This scene takes place pretty early in the going. Theuderic, first prince of Clovis I, is older than those I refer to as "the Clotine princes" (sons of Queen Saint Clotilde), born extremely early in Clovis' reign, and many years before his marriage to the Queen.
Theuderic I, 19th C depiction |
Without basis in history - perhaps only because of a White Liberal Guilt brand of need to confer on my characters some level of imperfection, I give to Theuderic a youthful palsy. As he fights to overcome what would have been seen as a weakness or even a defect, Clovis himself fights the fear, for those early years, that he has not sired a healthy heir.

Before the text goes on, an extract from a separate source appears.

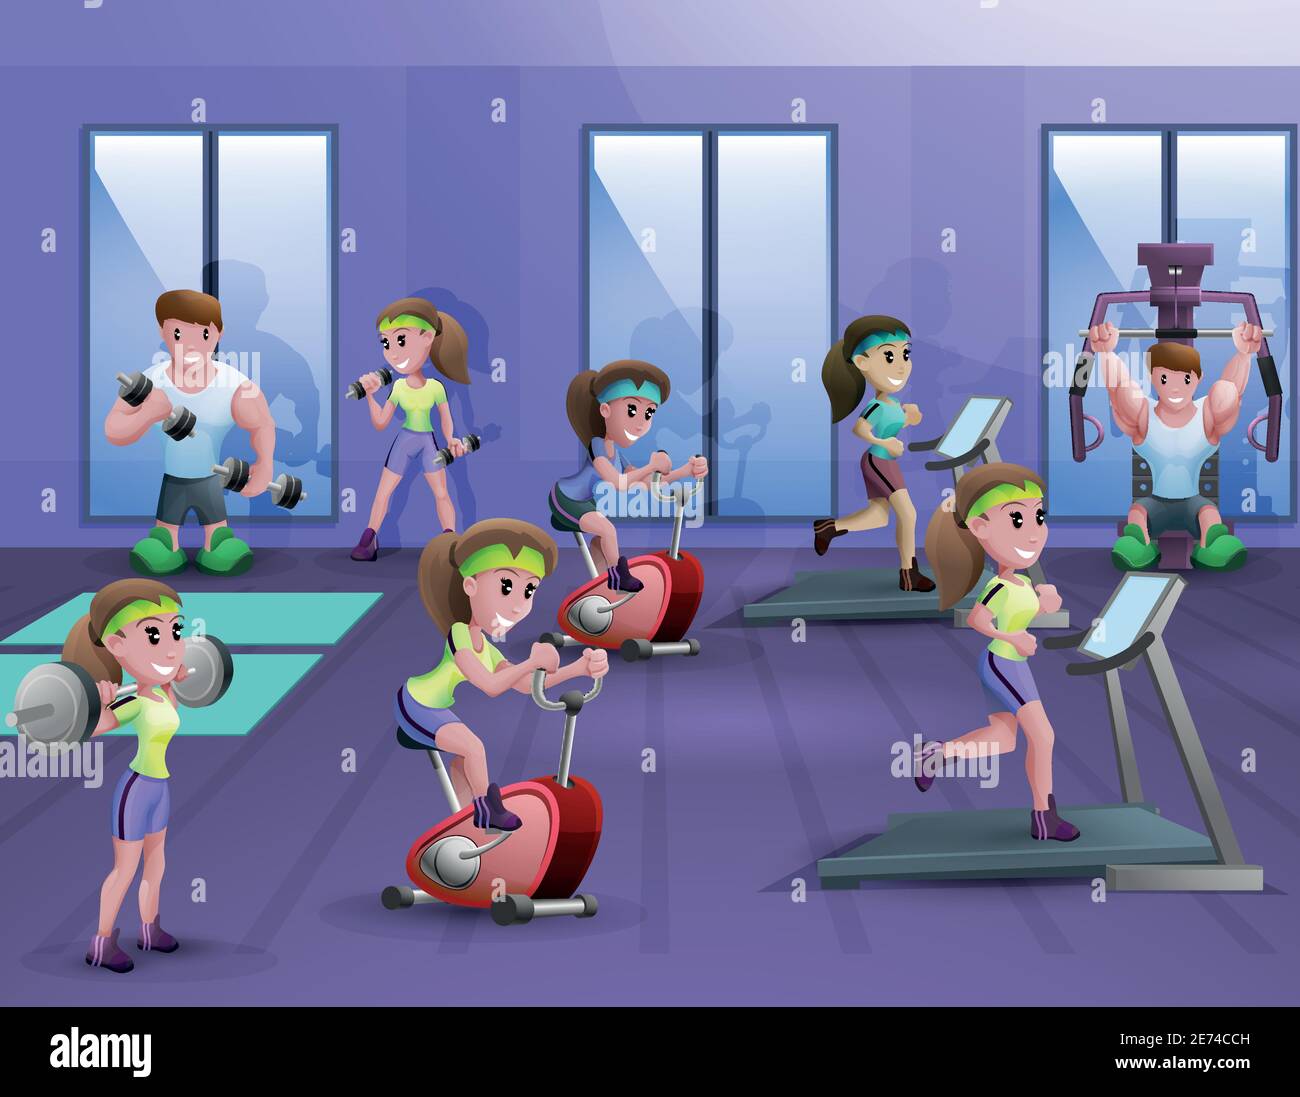 Poster della sala fitness con cui si allenano uomini e donne illustrazione vettoriale cartoon di attrezzature diverse Illustrazione Vettoriale

The death scene echoes with this - but, more than anything, it is the moment when a very young man indeed comes to understand his own love, in losing it. I don't spend much time in philosophizing all this - part of what I need to do, after all, is to *shorten* this novel - but I hope the writing conveys a sense of the place mourning truly originates. Because the other thing I am doing, at the same time, is plumbing the emotional depths of the character.
Right now, this scene has sort of exhausted me. I've never lost a concubine to childbirth, but certainly on Father's Day, of all days, a sense of loss is never far away. And I have lost love - at that age (Clovis would hardly have been seventeen), it is practically the order of the day to lose love, even if not in quite this context.
Clovis' own death scene (SPOILER! He's dead now!) has made me cry. This scene did not have this effect, but, as long as it's been since I dealt with Clovis' scene, this one probably means more to me.
Still, the thing is hard to deal with. Writing, as much as I try to divorce myself from some of the more "passionate" cliche's about authors and poets, is an immensely personal emotional exercise.
And here it is 11:30 at night, and I am still not moving through the MSS like lightning, and wasting time on Blogger. Of *course*.